Часто с жизнью и идеалами восточного пустынножительства знакомит случай. Но мало-помалу пропаганда становится всё планомернее. Иероним, Руфин и Сульпиций Север23) сделали доступным обаяние восточных пустынь широким кругам Запада. Служивший Богу и спасавший себя в Сирийской Фиваиде Иероним рассказывал и писал о том, как «в обширной пустыне, сожжённой лучами солнца», ему мерещились соблазны римской жизни, как мысленно, а может быть, и галлюцинируя, вмешивался он в «хоры дев». «Уста бледнели от постов, а душа бурлила желаниями в хладном теле, и пред человеком, уже ранее положенного ему времени мертвым в плоти своей, кипели одни пожарища сладострастия». Руфин сам был в Египте и сообщал захватывающие внимание легендарные сведения об египетских пустынниках. Смешивал легенду с действительностью и Сульпиций Север. И жадно читались новые книги, напряжённо внимали рассказам об анахоретах, считающих непозволительною роскошью всё, кроме воды и хлеба. Привлекал героизм пустынников, отрёкшихся от мира и бросившихся навстречу опасностям в надежде на одного только Бога. Страшна пустыня. Там живут дикие, невиданные звери; там готовы всякого растерзать свирепые драконы, достигающие 15 локтей в длину. Один взгляд их убивает человека. Трудна жизнь пустынника, страшны голодная смерть и дикие звери, но ещё ужаснее искушения.

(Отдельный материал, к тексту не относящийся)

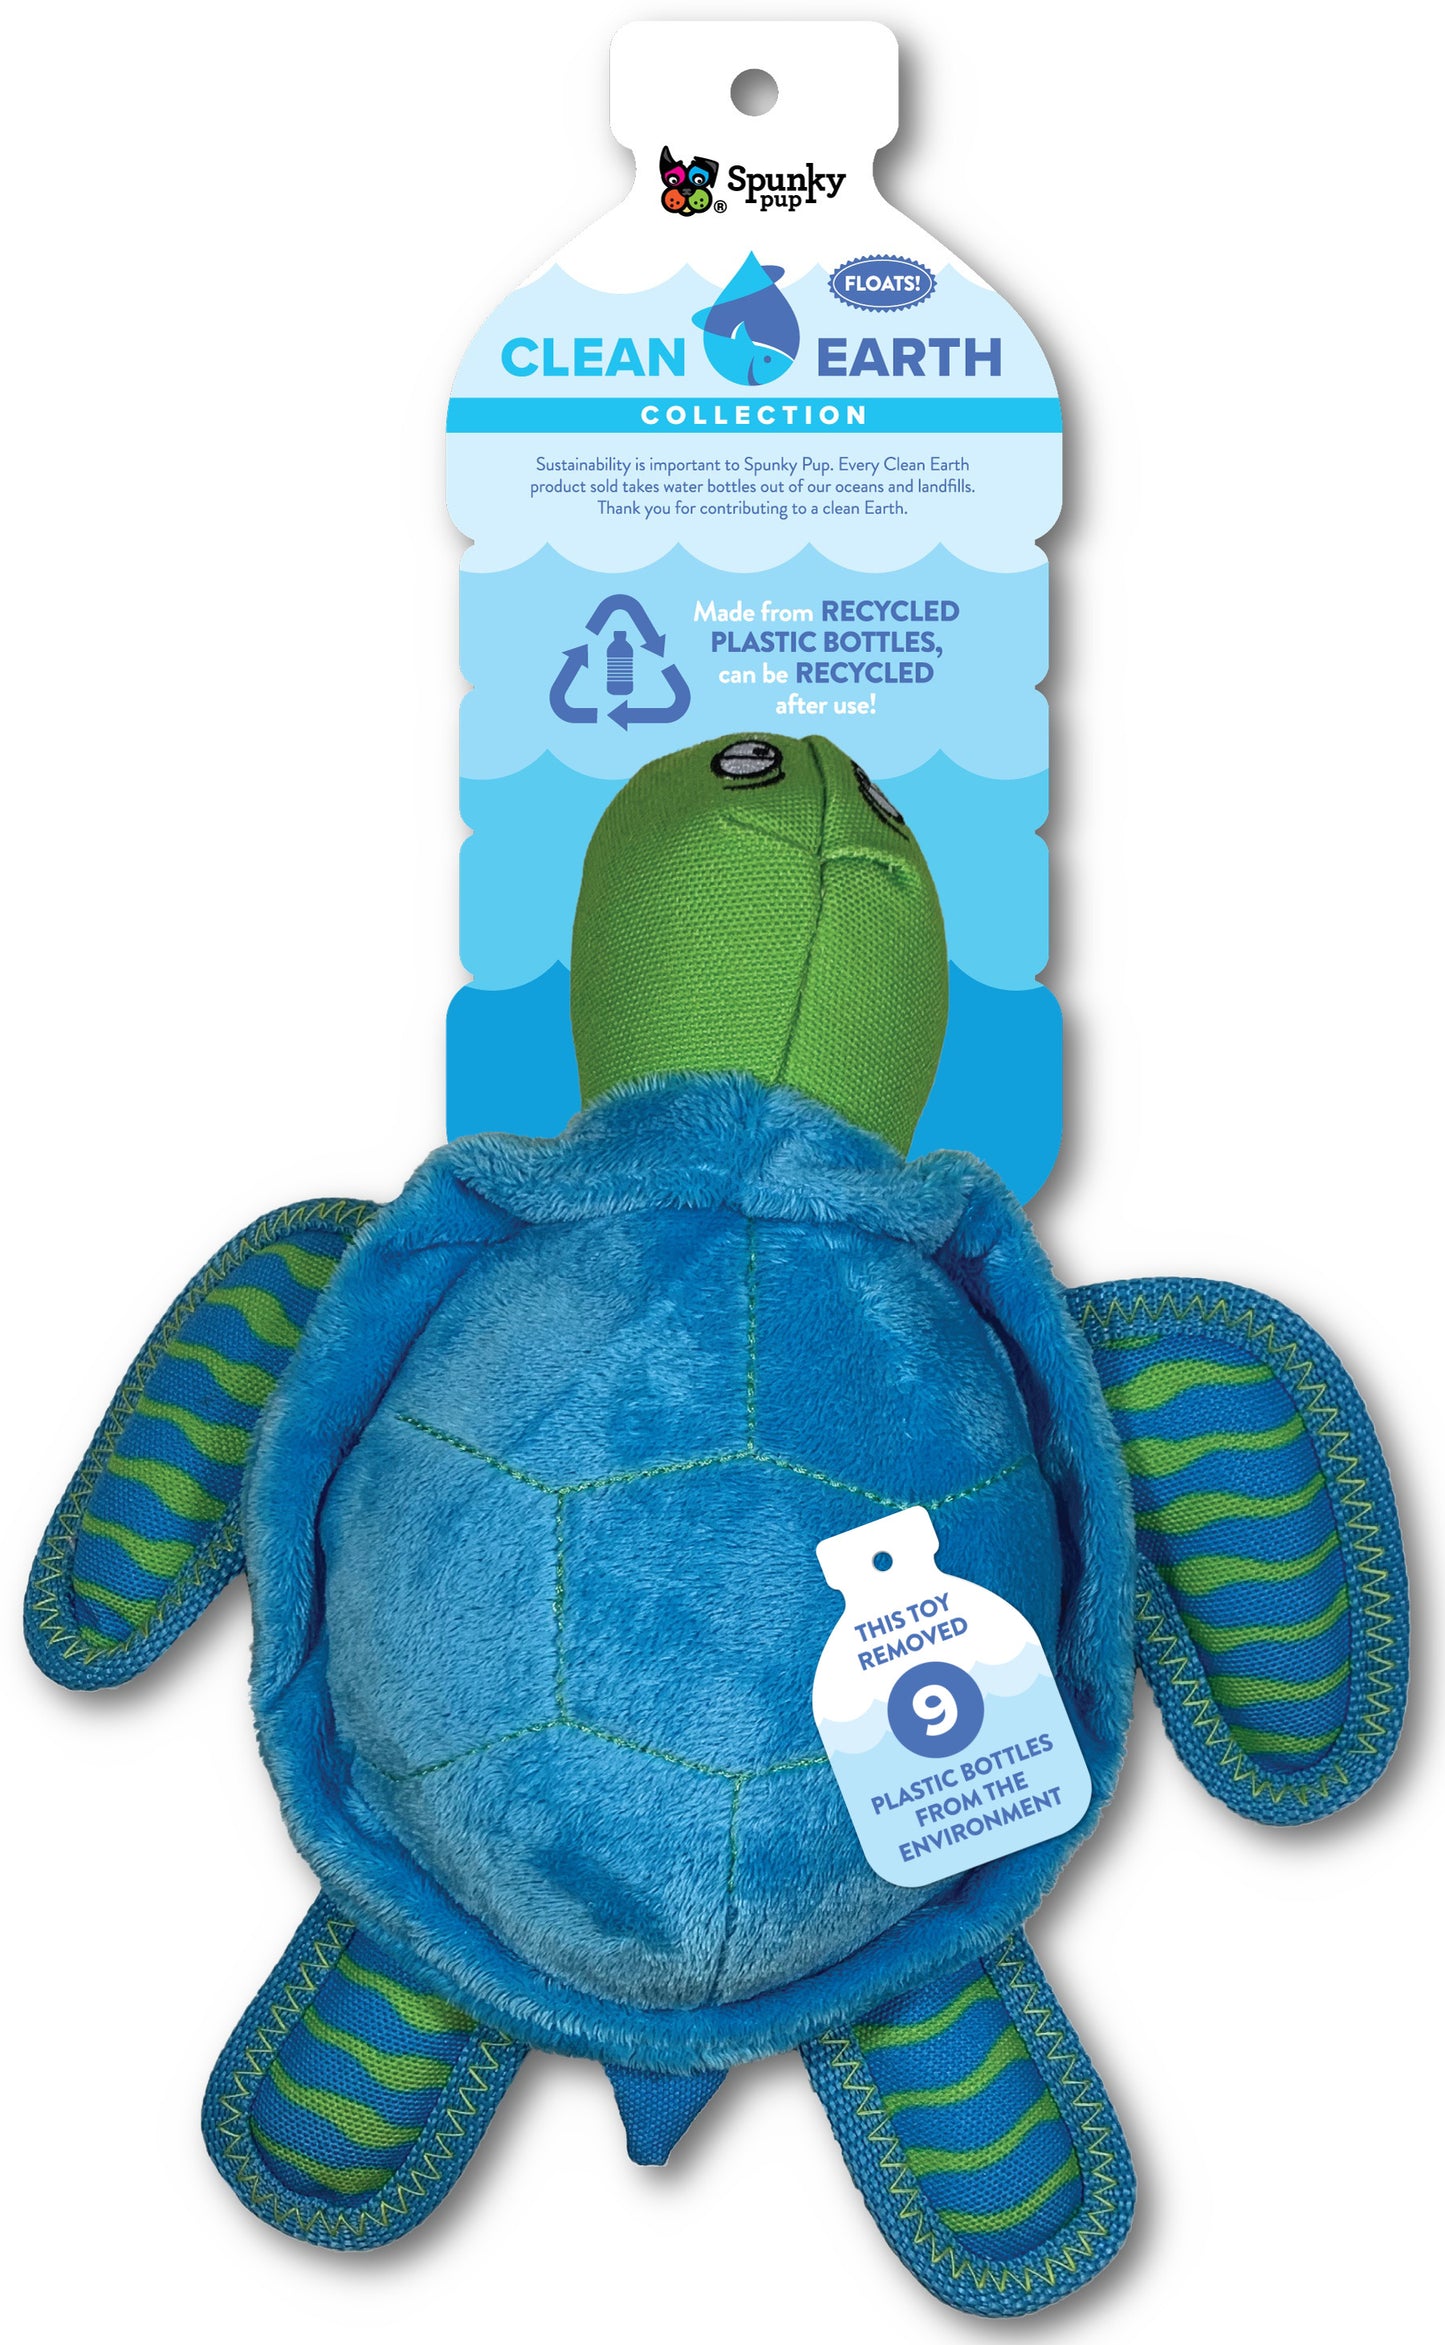 Clean Earth Plush - 100% Sustainable

К одному анахорету пришла какая-то женщина и попросила у него приюта на ночь. Пустынник согласился, забыв о хитрости дьявола. Он понял это слишком поздно, когда уже поддался её соблазнам и обнял её. Пришелица «тонкою тенью» с диким воем исчезла из рук его, а черти, которых в пустыне множество, стали издеваться над легкомысленным отшельником: «О, ты, возносившийся до небес, как низко ты пал, до самого ада!» Отшельник мог ещё спастись, начав снова трудную жизнь лишений и самоотречения. Вместо этого он отчаялся, вернулся в город и предался «всяческому бесстыдству». Отчаянье в своём [47] спасении губит человека, — твёрдость и святое упорство венчаются победою. Один грешник, раскаявшись в своих грехах, бежал в пустыню. Но демоны не легко упускают свою жертву. Бессильные поколебать его решение, они три ночи подряд нещадно били его. Новый анахорет был тверд, предпочитая смерть жизни во грехах. И демоны отступили от него с воем: «Ты победил, ты победил!»

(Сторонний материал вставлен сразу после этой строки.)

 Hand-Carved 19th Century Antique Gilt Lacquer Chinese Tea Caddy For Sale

Святой человек может не бояться ничего. От голода его спасает Бог, посылающий хлеб святым пустынникам, как некогда Он питал пророка Илью. Демоны над святым не властны. Звери покорны его воле. Пустынники руками ловят змей и драконов. Один ужасный дракон нагнал страх на всё селение. Жители обратились за помощью к анахорету, и тот словом своим убил опасного зверя. Все сбежались, изумлённые чудом, но ещё боясь даже трупа дракона, от которого шла страшная вонь, всегда сопровождающая демонов. Только по приказанию ободрившего их анахорета поселяне засыпали дракона песком.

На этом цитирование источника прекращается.